Bahrain: Soaring temperatures will make Gulf countries uninhabitable before the end of this century if greenhouse gas emissions are not curbed, according to a new report.
The study, which was published in the scientific journal Nature Climate Change earlier this week, projects heatwaves by 2070 that will be more severe than anything previously experienced.
Even young, healthy people will be unable to maintain a safe body temperature in such conditions, while the elderly and very young will be even more at risk.
Authored by professor Elfatih Eltahir of Massachusetts Institute of Technology and professor Jeremy Pal of Loyola Marymount University in Los Angeles, the study predicts that the hottest days of summer today will become a near-daily occurrence in future.
“Like all living species, human survival is partially a function of the environmental temperature,” said the authors, who drew a distinction between so-called “dry-bulb” and “wet-bulb” temperature – the latter being a combined measure of temperature and humidity.
“A human body may be able to adapt to extremes of dry-bulb temperature through perspiration and associated evaporative cooling, provided that the wet-bulb temperature remains below a threshold of 35C.”
The limit of “survivability” for a fit person under well-ventilated outdoor conditions is 35C at 100 per cent humidity.
This threshold can also be crossed with a higher temperature and lower humidity level – 46C at 50pc humidity, for example.
Without air conditioning, humans can only last for about six hours under such conditions before their bodies begin to shut down, according
to the authors.
“We project, using an ensemble of high-resolution regional climate model simulations, that extremes of wet-bulb temperature in the region around the Arabian Gulf are likely to approach and exceed this critical threshold under the business-as-usual scenario of future greenhouse gas concentrations,” they said.
Hotspot
“Our results expose a specific regional hotspot where climate change, in the absence of significant mitigation, is likely to severely impact human habitability in the future.”

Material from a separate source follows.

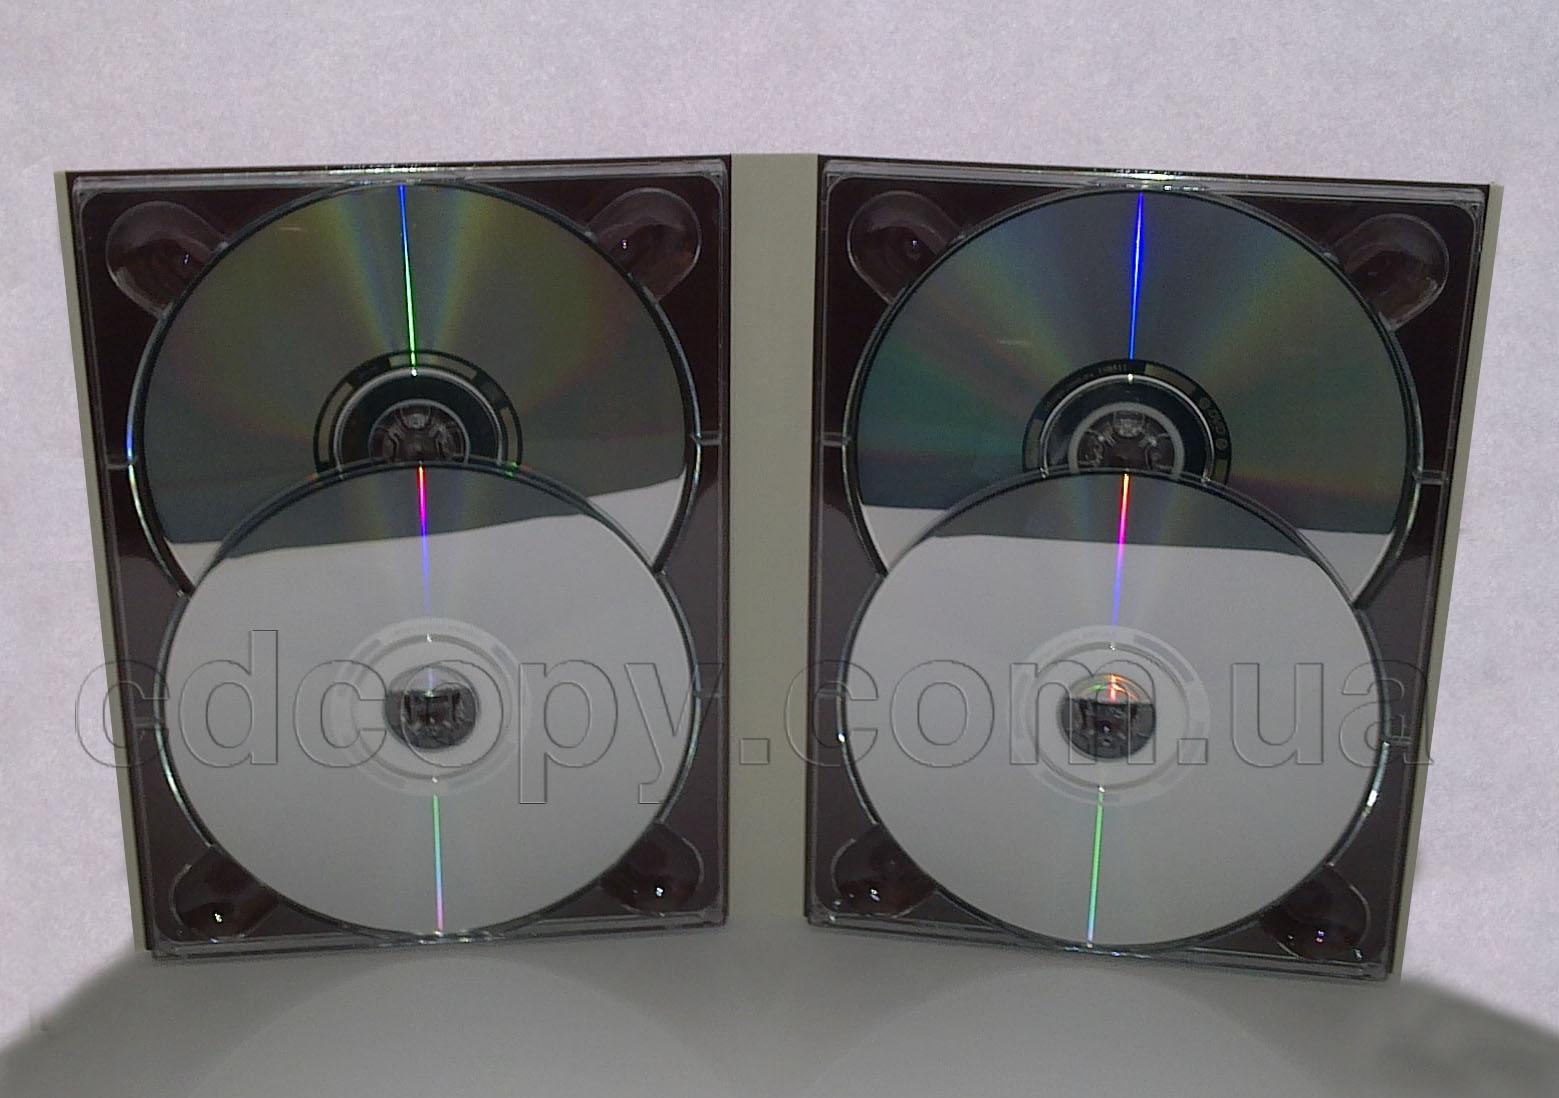 Упаковка Диджипак (DigiPack) на 4 DVD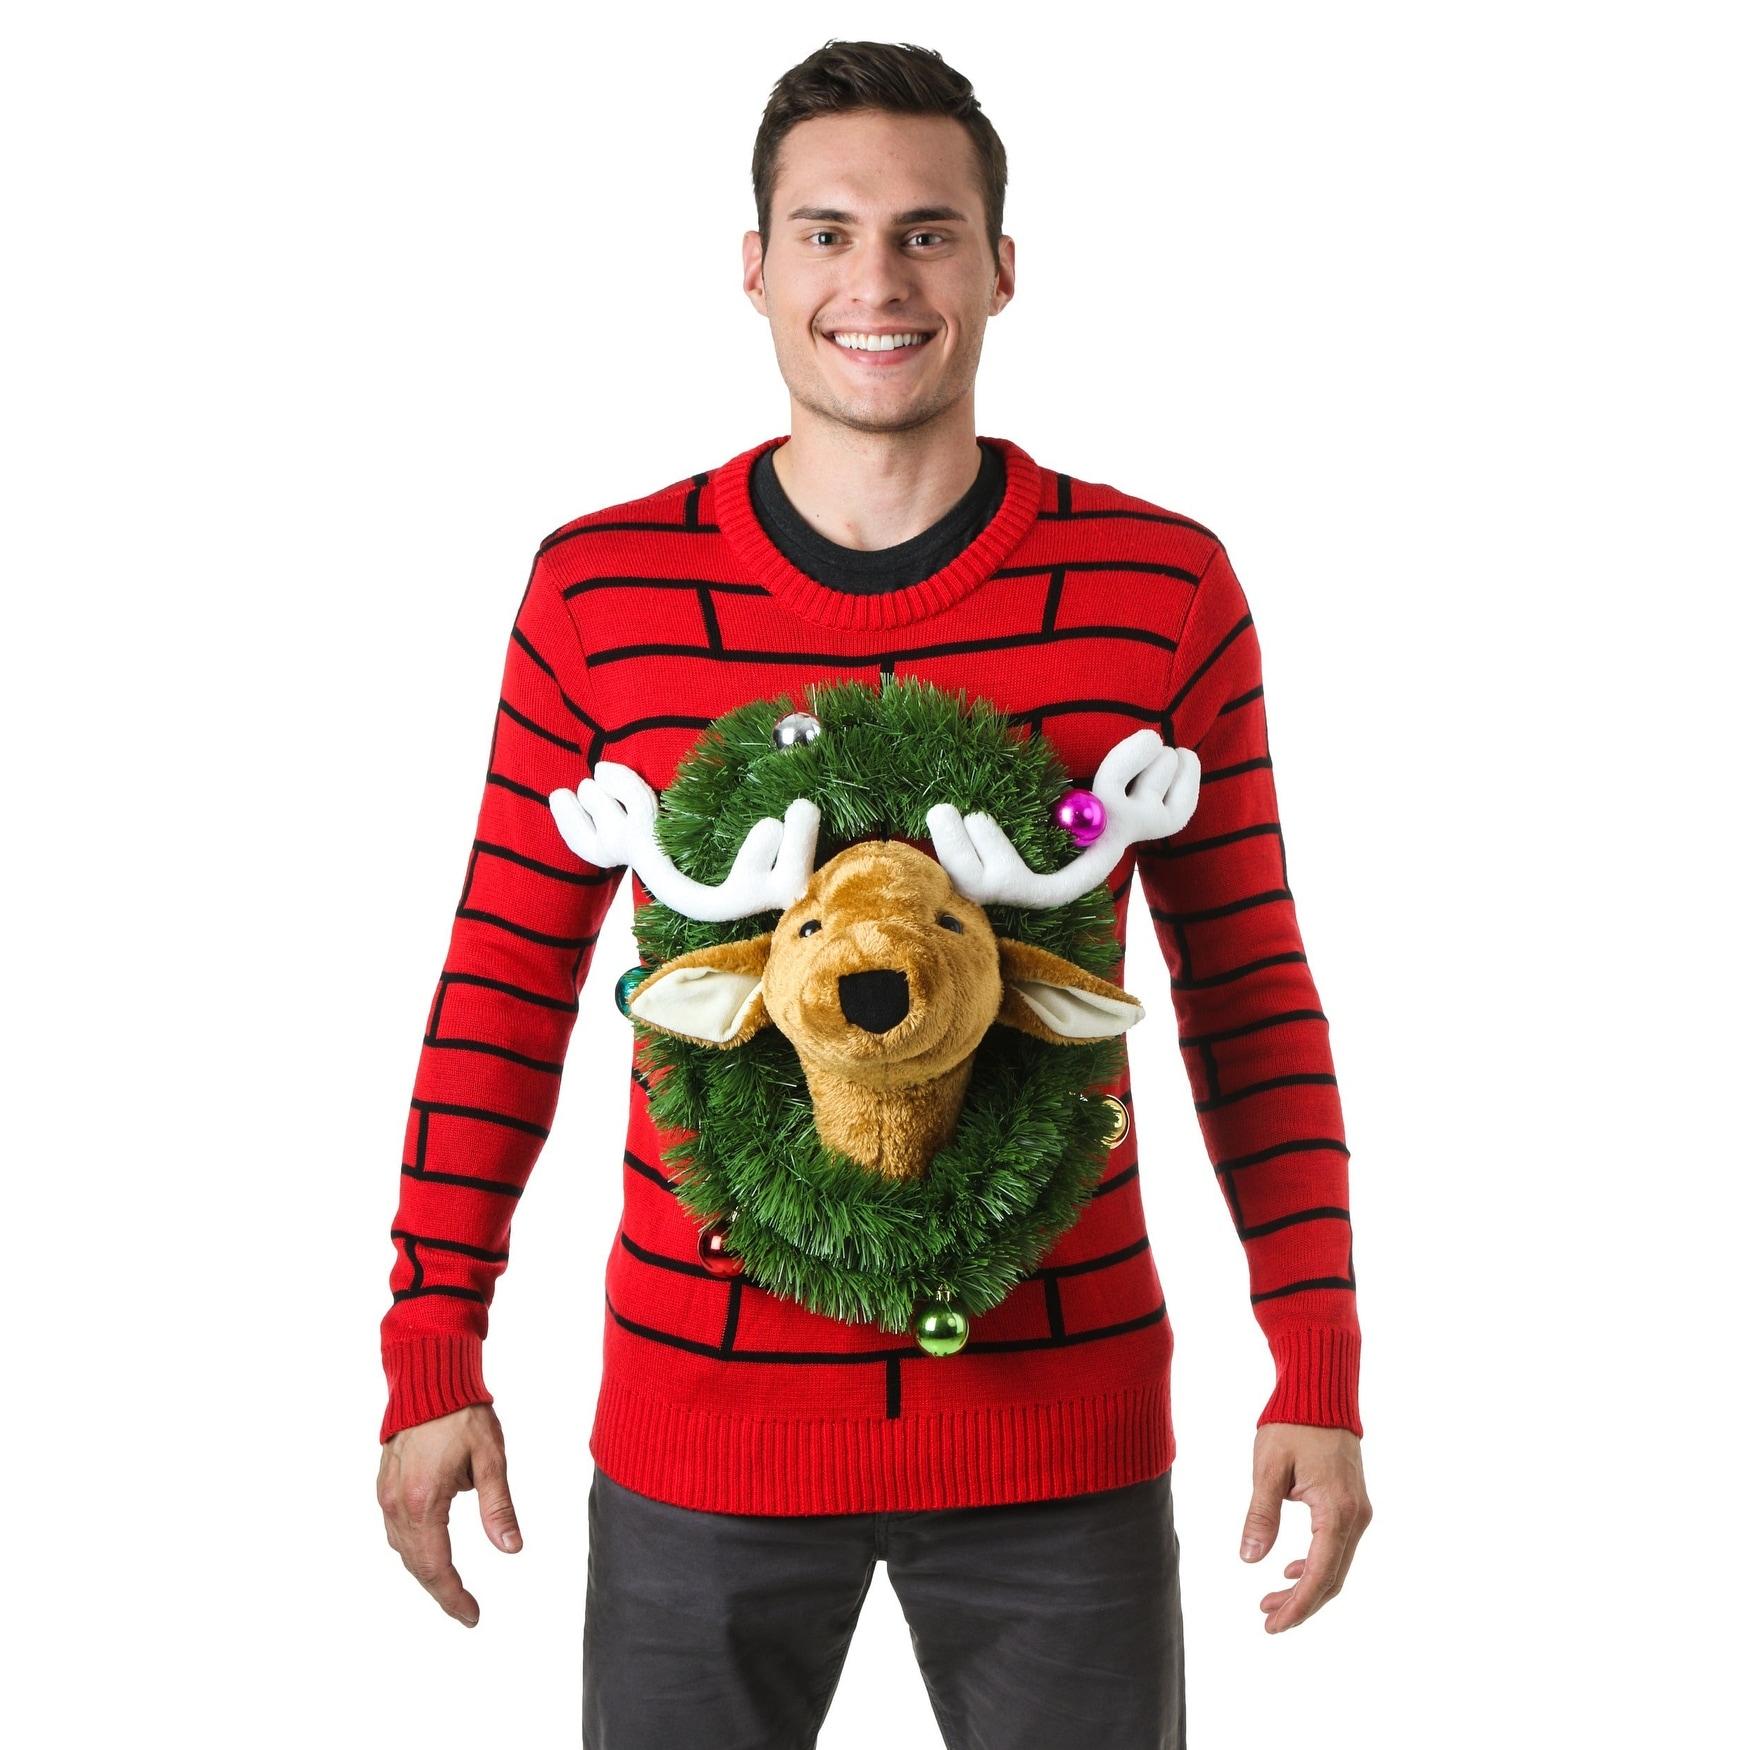 Deer Christmas Sweater | www.topsimages.com

Currently, wet-bulb temperatures rarely exceed 31C in the Gulf, but if it were to climb higher the authors predict several knock-on effects for vital infrastructure and transport.
“When temperature approaches such extremes, much machinery designed for the current climate may malfunction. For example, aircraft may not operate properly during take-off and landing, and rail lines can buckle at extreme temperatures, even at temperatures around 40C.”
The report postulates that by the end of the century, the present-day hottest summers will become “approximately a normal summer day”.
Temperatures on the Red Sea are expected to be
milder, but still “fairly severe”, with Jeddah and Mecca being impacted. “These extreme conditions are of severe consequence to the Muslim rituals of Haj, when pilgrims (approximately two million) pray outdoors from dawn to dusk near Mecca,” said the report.
“This necessary outdoor Muslim ritual is likely to become hazardous to human health, especially for the many elderly pilgrims, when the Haj occurs during the boreal (Northern Hemisphere)
summer.”
The end result will be that life in the region becomes unsustainable – especially to those most vulnerable, the authors said.
“Under such conditions, climate change would possibly lead to premature death of the weakest – namely children and elderly,” they said.
“A plausible analogy of future climate for many locations in Southwest Asia is the current climate of the desert of Northern Afar on the African side of the Red Sea, a region with no permanent human settlements owing to its extreme climate.”